* [DATA UNDER STUDY]
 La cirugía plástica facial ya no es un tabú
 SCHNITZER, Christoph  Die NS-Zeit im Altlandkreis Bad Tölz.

--

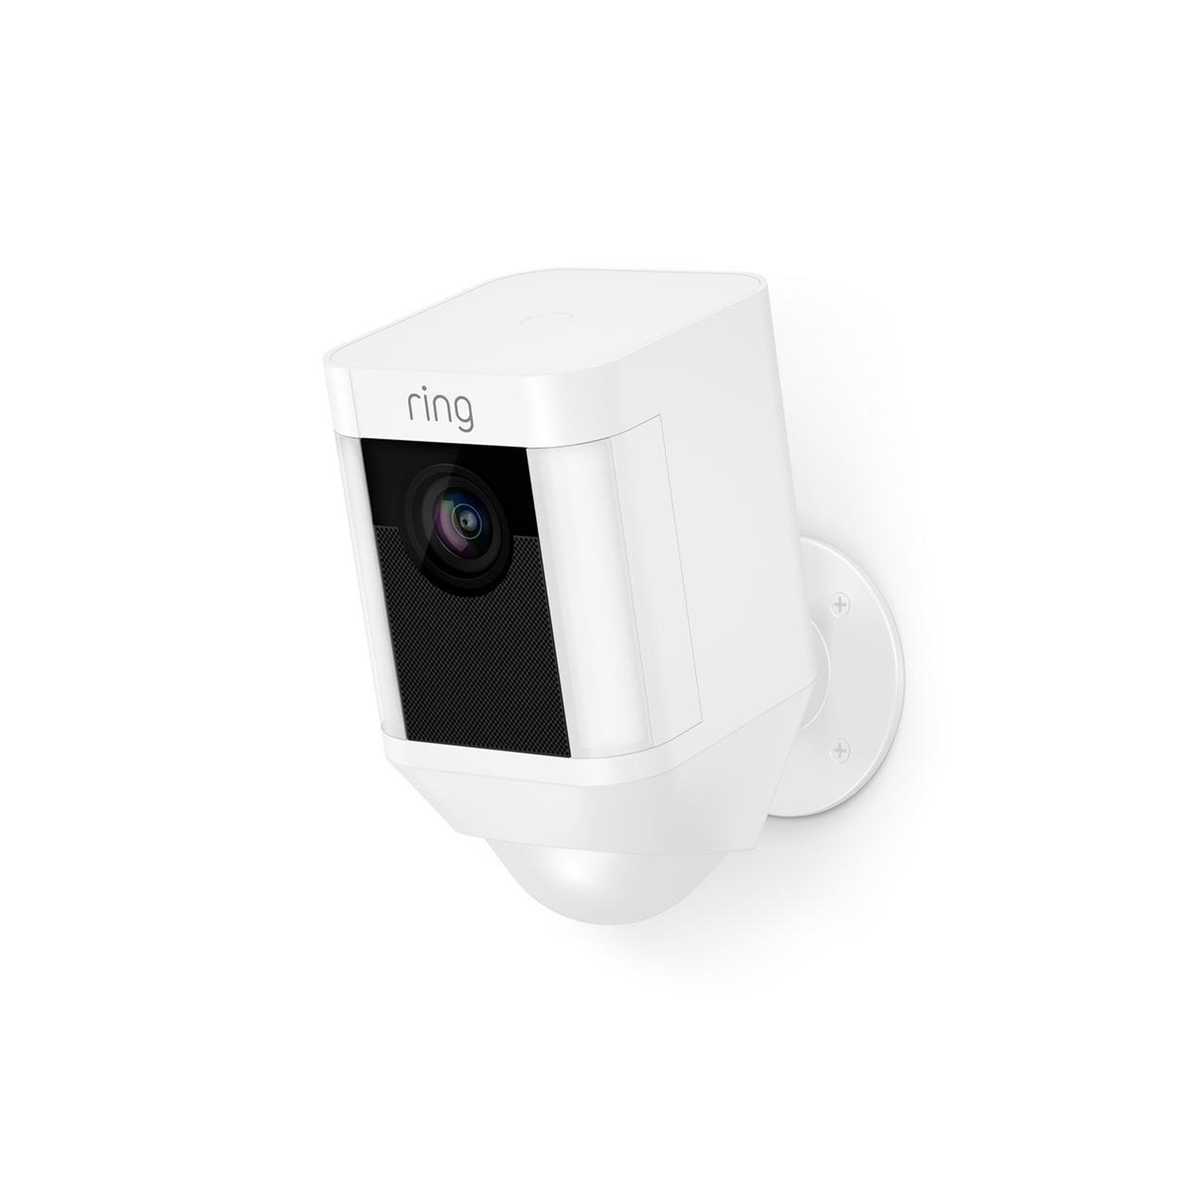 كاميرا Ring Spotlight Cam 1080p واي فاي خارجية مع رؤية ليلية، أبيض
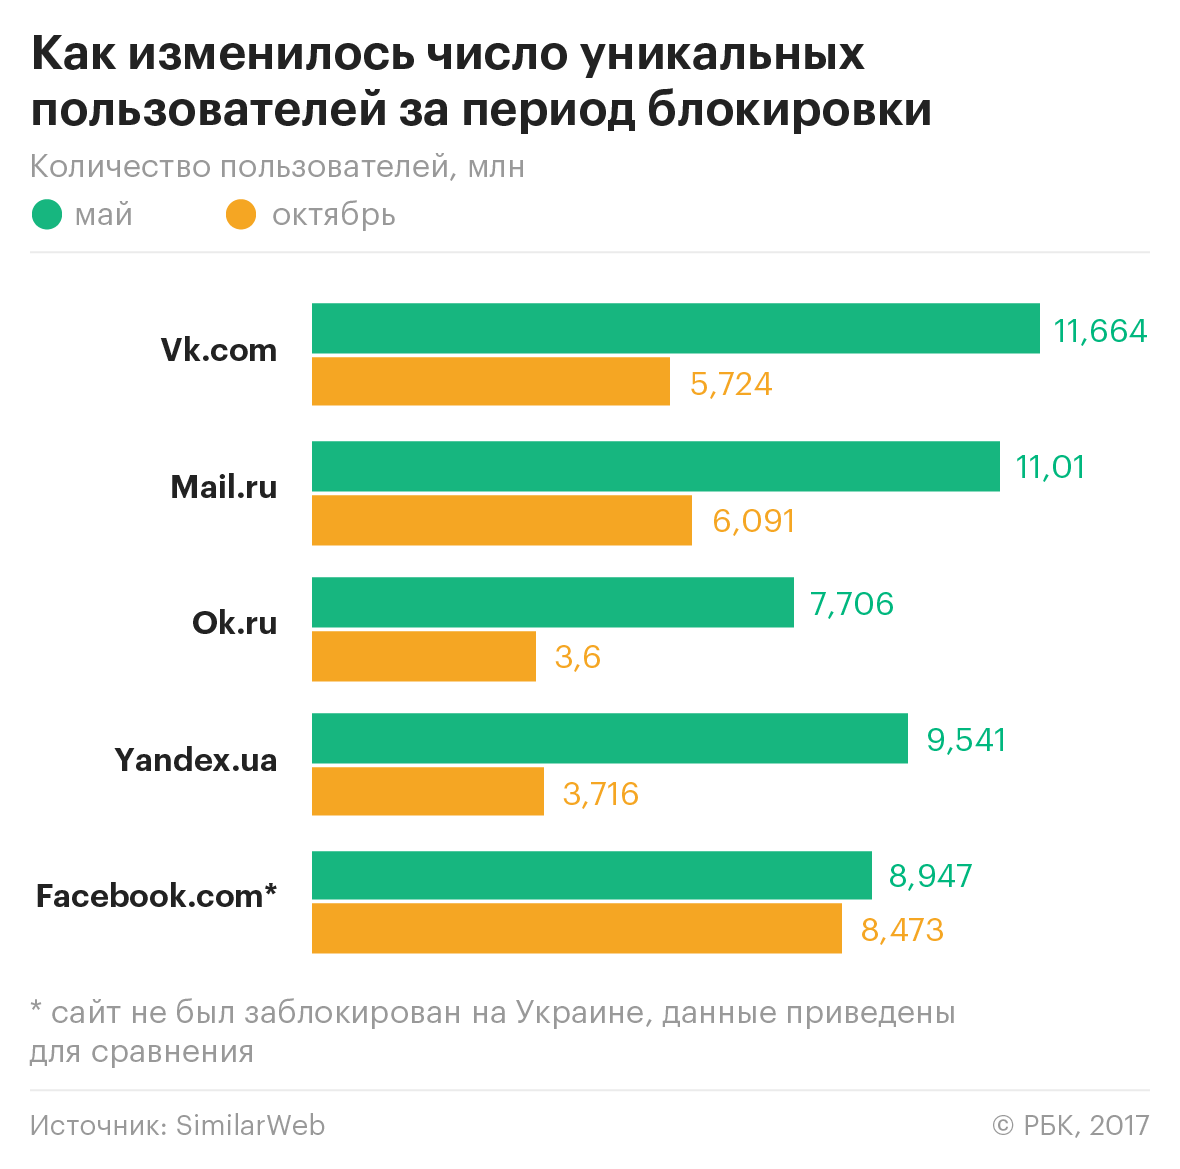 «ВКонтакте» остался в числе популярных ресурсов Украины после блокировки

* [DIRECTIONS]
Using the data above, return the lines from the one holding "كاميرا Ring Spotlight" through the one holding "Украины после блокировки" exactly, but not the pictures.

* [ANSWER BELOW]
 كاميرا Ring Spotlight Cam 1080p واي فاي خارجية مع رؤية ليلية، أبيض
 «ВКонтакте» остался в числе популярных ресурсов Украины после блокировки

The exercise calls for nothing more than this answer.